INPUT DATA below:

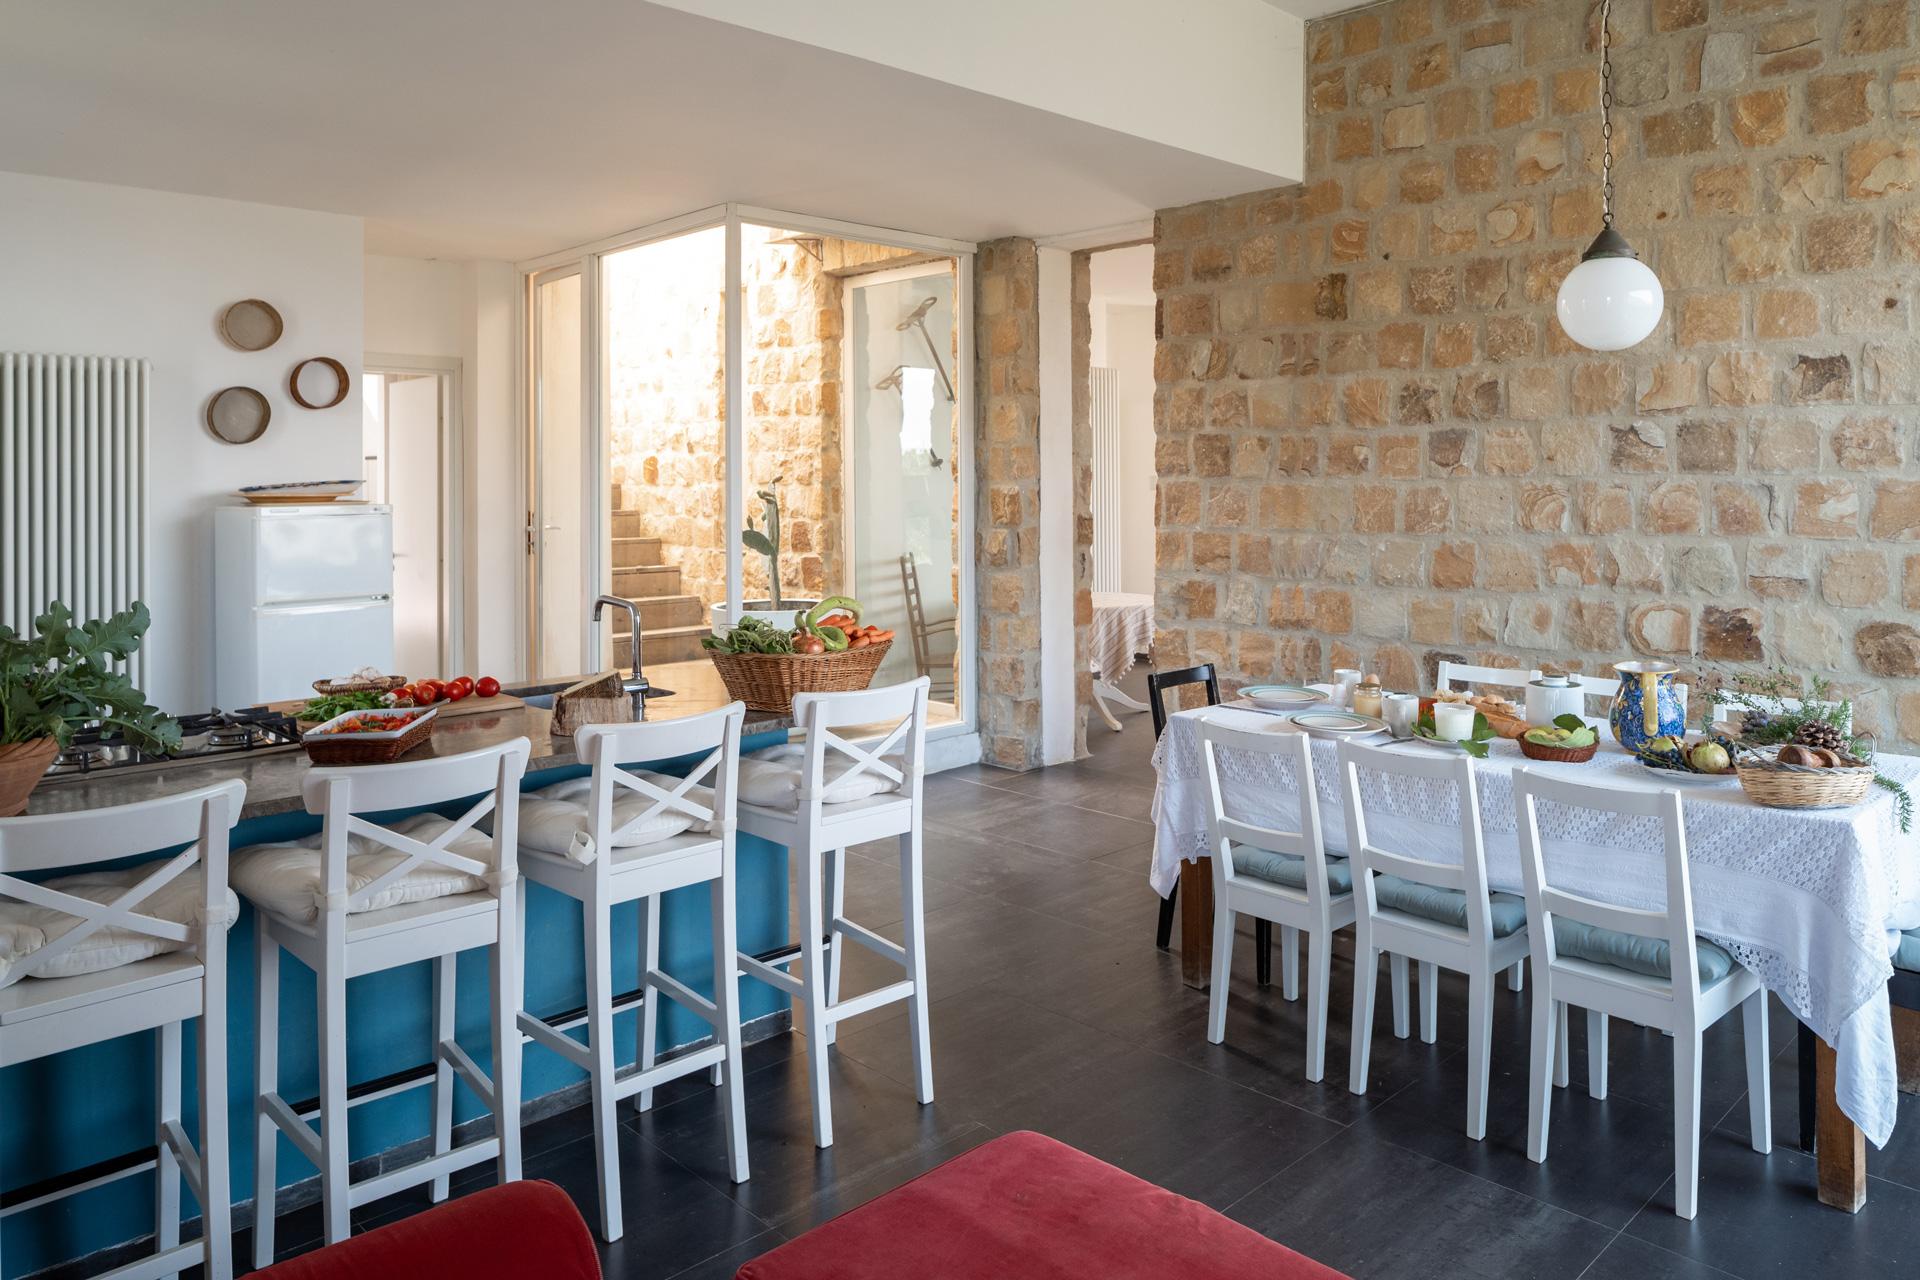 Casa Cerasuola - Zona pranzo e cucina
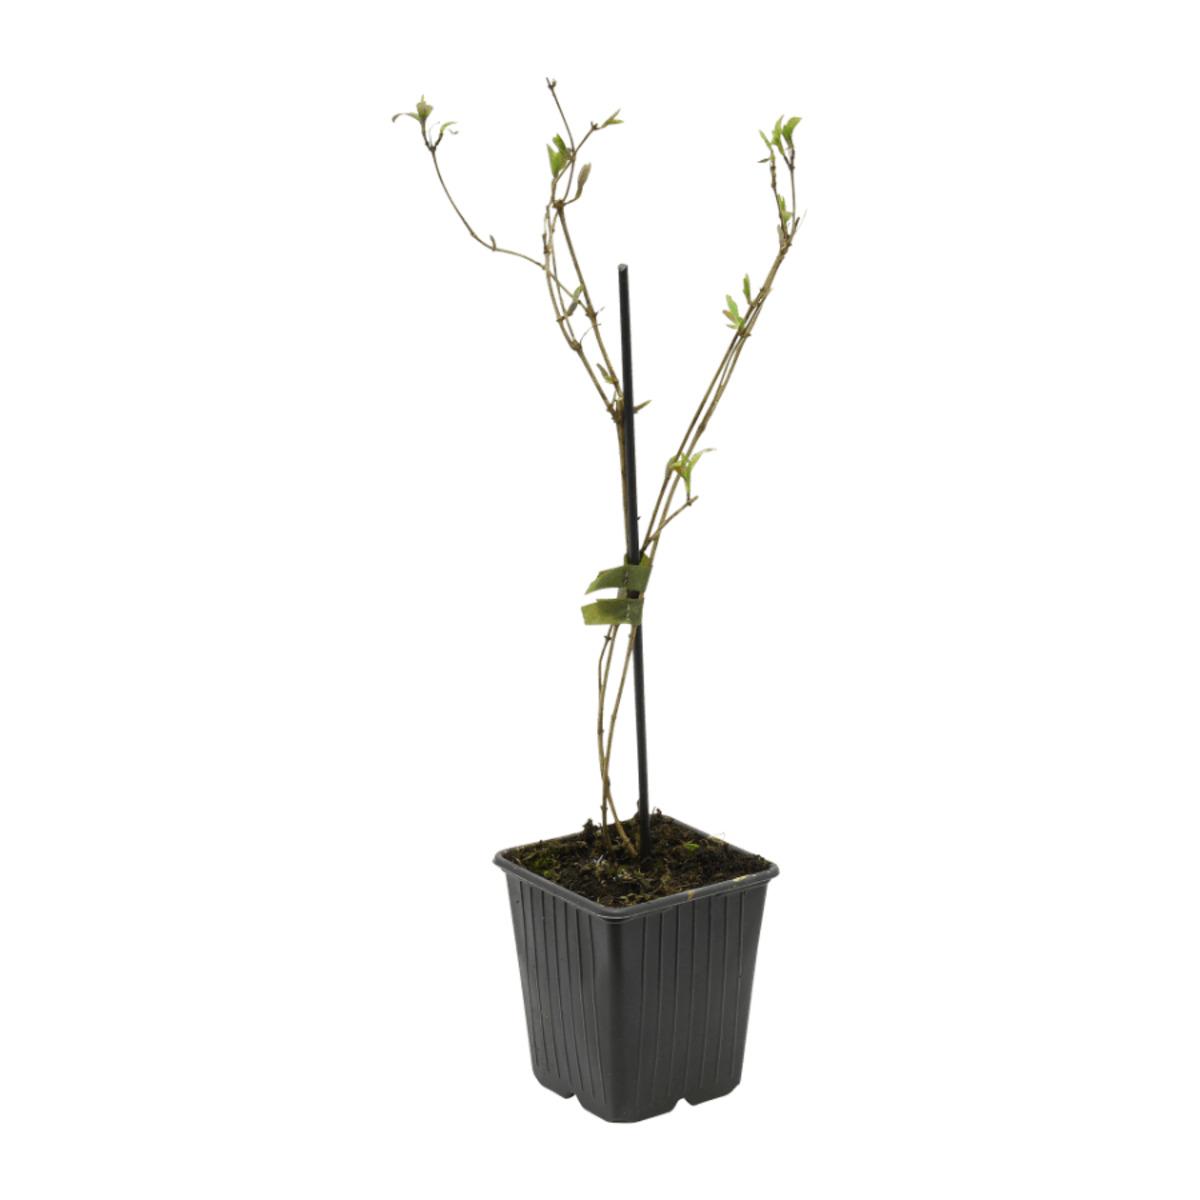 Bild 5 von GARDENLINE     Rankpflanze
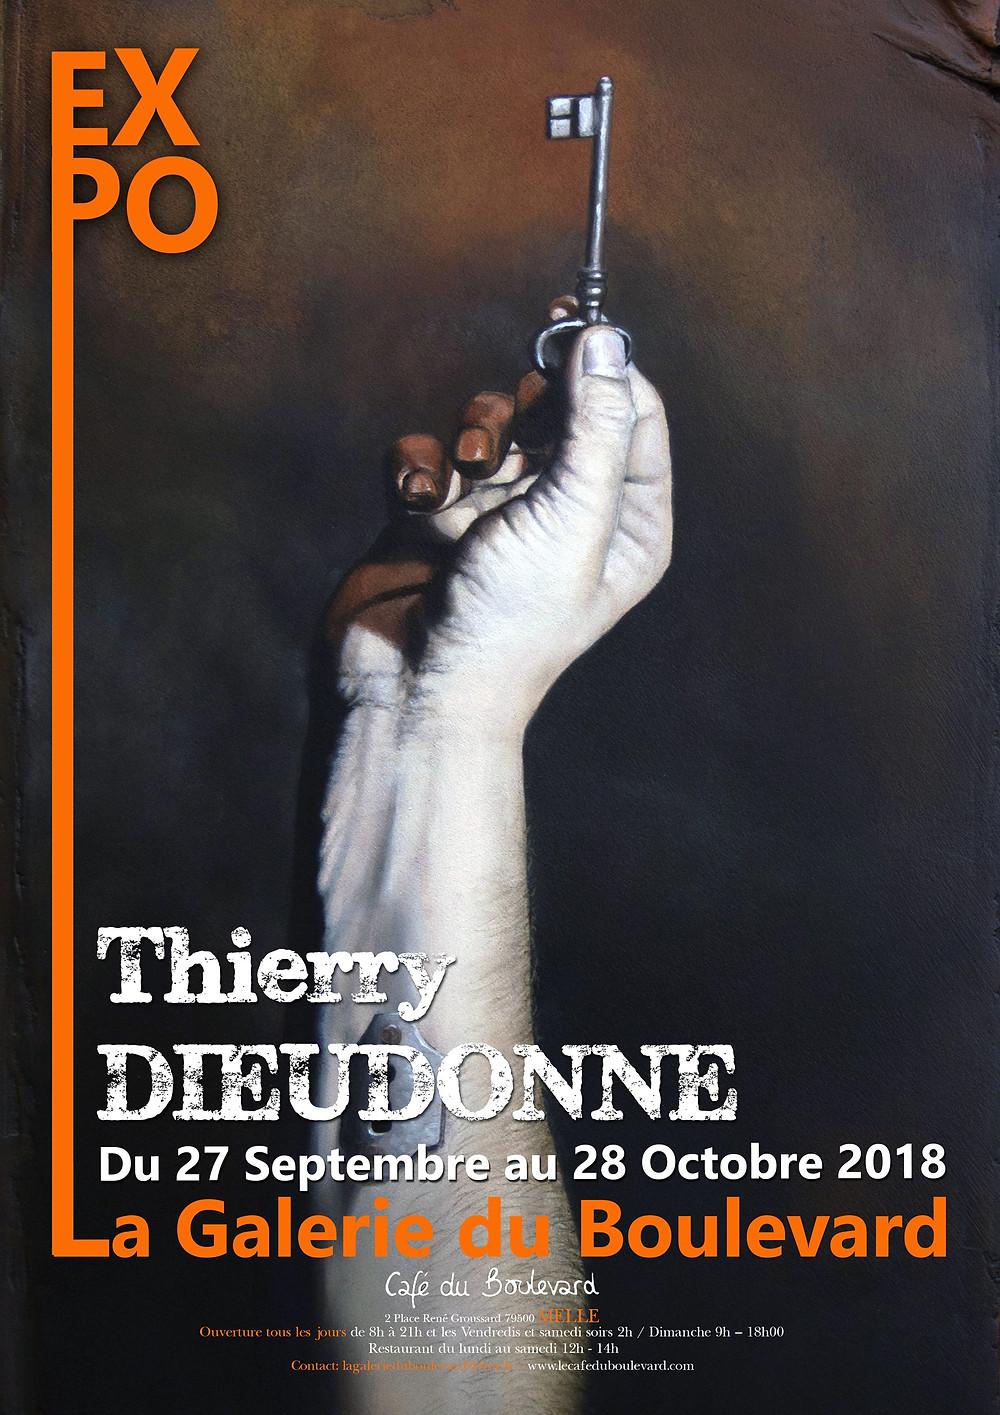 Exposition de Thierry Dieudonné à La Galerie du Boulevard 2018

End of INPUT DATA.

(PROBLEM TO SOLVE): Everything from the line containing "Bild 5 von GARDENLINE" through the last line of the listing above must be output exactly, except the pictures.

(SOLUTION TO THIS EXERCISE):
 Bild 5 von GARDENLINE     Rankpflanze
 Exposition de Thierry Dieudonné à La Galerie du Boulevard 2018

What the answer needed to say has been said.